These files should be prepared once.

In [38]:
tox_corpus_path = '../../data/processed/toxicCorpusWSpellErr.txt'
norm_corpus_path = '../../data/processed/normalCorpusWSpellErr.txt'

In [39]:
if not os.path.exists(VOCAB_DIRNAME):
    os.makedirs(VOCAB_DIRNAME)

### 2.1 Preparing the DRG-like vocabularies

In [40]:
import nltk
from nltk.corpus import stopwords

nltk.download('stopwords')
from sklearn.feature_extraction.text import CountVectorizer

custom_stop_words = stopwords.words('spanish')


[nltk_data] Downloading package stopwords to
[nltk_data]     /home/gabriel/nltk_data...
[nltk_data]   Package stopwords is already up-to-date!


In [41]:
import os
import argparse
import numpy as np
from tqdm import tqdm
from nltk import ngrams
from sklearn.linear_model import LogisticRegression
from sklearn.feature_extraction.text import TfidfVectorizer, CountVectorizer

class NgramSalienceCalculator():
    def __init__(self, tox_corpus, norm_corpus, use_ngrams=False):
        ngrams = (1, 3) if use_ngrams else (1, 1)
        self.vectorizer = CountVectorizer(ngram_range=ngrams, stop_words=custom_stop_words)

        tox_count_matrix = self.vectorizer.fit_transform(tox_corpus)
        self.tox_vocab = self.vectorizer.vocabulary_
        self.tox_counts = np.sum(tox_count_matrix, axis=0)

        norm_count_matrix = self.vectorizer.fit_transform(norm_corpus)
        self.norm_vocab = self.vectorizer.vocabulary_
        self.norm_counts = np.sum(norm_count_matrix, axis=0)

    def salience(self, feature, attribute='tox', lmbda=0.5):
        assert attribute in ['tox', 'norm']
        if feature not in self.tox_vocab:
            tox_count = 0.0
        else:
            tox_count = self.tox_counts[0, self.tox_vocab[feature]]

        if feature not in self.norm_vocab:
            norm_count = 0.0
        else:
            norm_count = self.norm_counts[0, self.norm_vocab[feature]]
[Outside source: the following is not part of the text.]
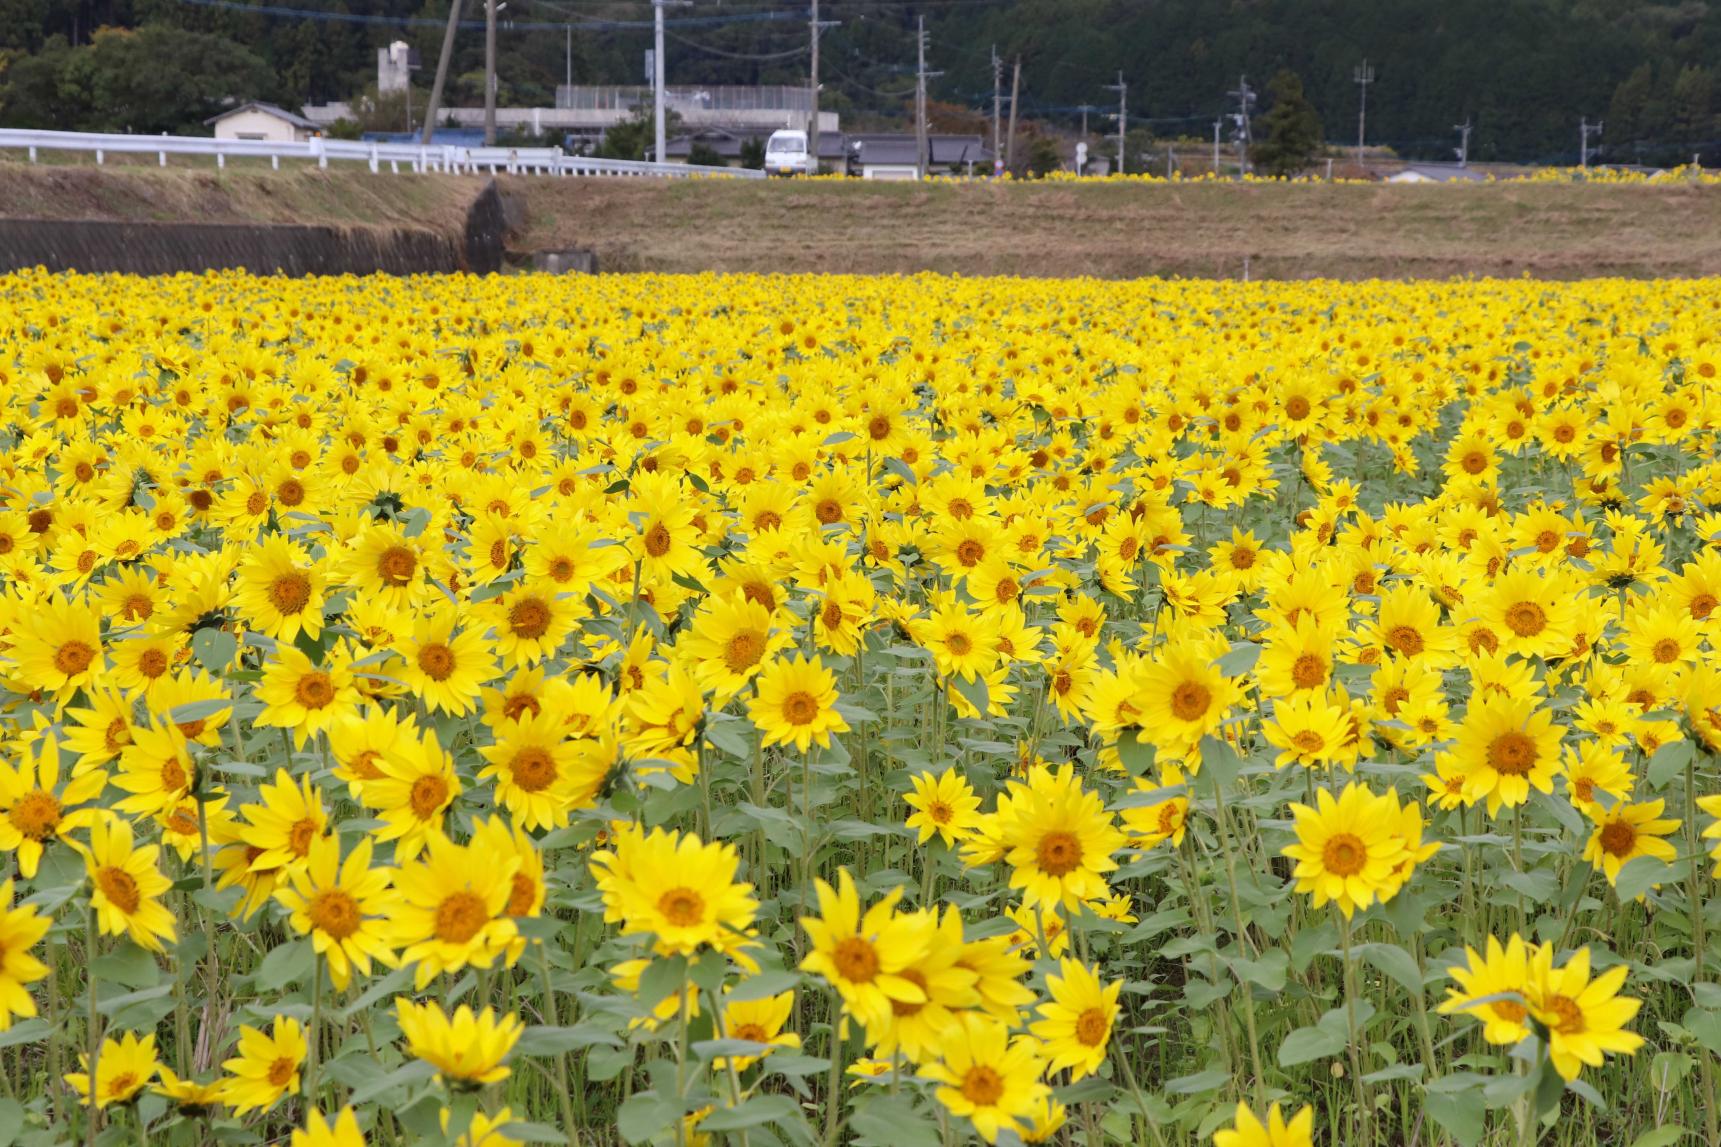 Inamitsu: Sunflower field in autumn
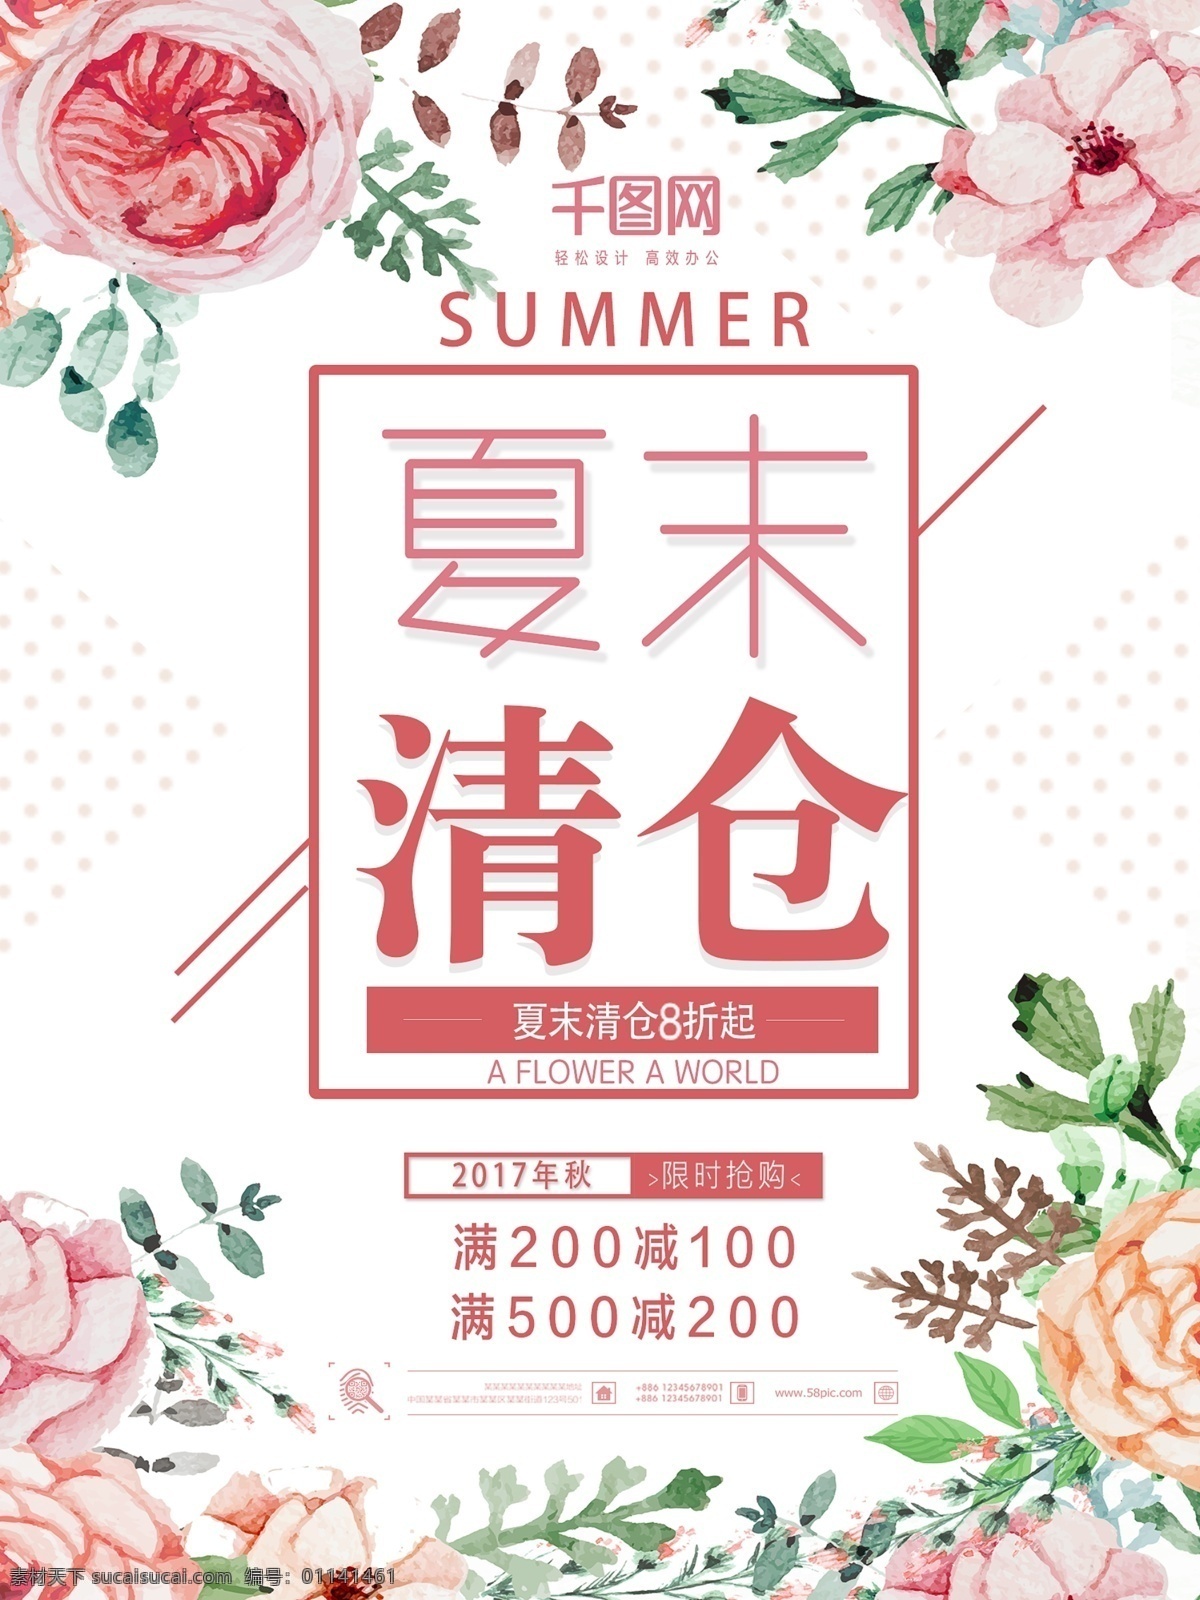 夏末 促销 主题 海报 夏季 清仓 打折 花卉

        if attribute == 'tox':
            return (tox_count + lmbda) / (norm_count + lmbda)
        else:
            return (norm_count + lmbda) / (tox_count + lmbda)


In [42]:
from collections import Counter
c = Counter()

for fn in [tox_corpus_path, norm_corpus_path]:
    with open(fn, 'r') as corpus:
        for line in corpus.readlines():
            for tok in line.strip().split():
                c[tok] += 1

In [43]:
vocab = {w for w, _ in c.most_common() if _ > 0 and  len(w)>2}  # if we took words with > 1 occurences, vocabulary would be x2 smaller, but we'll survive this size

In [44]:
with open(tox_corpus_path, 'r') as tox_corpus, open(norm_corpus_path, 'r') as norm_corpus:
    corpus_tox = [' '.join([w if w in vocab else '<unk>' for w in line.strip().split()]) for line in tox_corpus.readlines()]
    corpus_norm = [' '.join([w if w in vocab else '<unk>' for w in line.strip().split()]) for line in norm_corpus.readlines()]

In [45]:
neg_out_name = VOCAB_DIRNAME + '/negative-words.txt'
pos_out_name = VOCAB_DIRNAME + '/positive-words.txt'

In [46]:
threshold = 4

In [47]:
import pandas as pd

In [48]:
inmi = pd.read_csv('../../data/lexicons/immigrant_lexicon.txt', sep='\t', names=['token'])
ins = pd.read_csv('../../data/lexicons/insults_lexicon.txt', sep='\t', names=['token'])
miso = pd.read_csv('../../data/lexicons/misogyny_lexicon.txt', sep='\t', names=['token'])
xeno = pd.read_csv('../../data/lexicons/xenophobia_lexicon.txt', sep='\t', names=['token'])
que = pd.read_csv('../../data/lexicons/badwords_loncos.txt', sep='\t', names=['token'])

In [49]:
tokens_lexicon = pd.concat([inmi,ins, miso, xeno,que], axis=0)

In [50]:
tokens_lexicon=tokens_lexicon.reset_index(drop=True)

In [51]:
import spacy
nlp = spacy.load('es_core_news_sm')

def es_adjetivo(palabra):
    doc = nlp(palabra)
    for token in doc:
        if token.pos_ == 'ADJ':
            return True

    return False

In [52]:
sc = NgramSalienceCalculator(corpus_tox, corpus_norm, False)
seen_grams = set(tuple(row) for row in tokens_lexicon.itertuples(index=False))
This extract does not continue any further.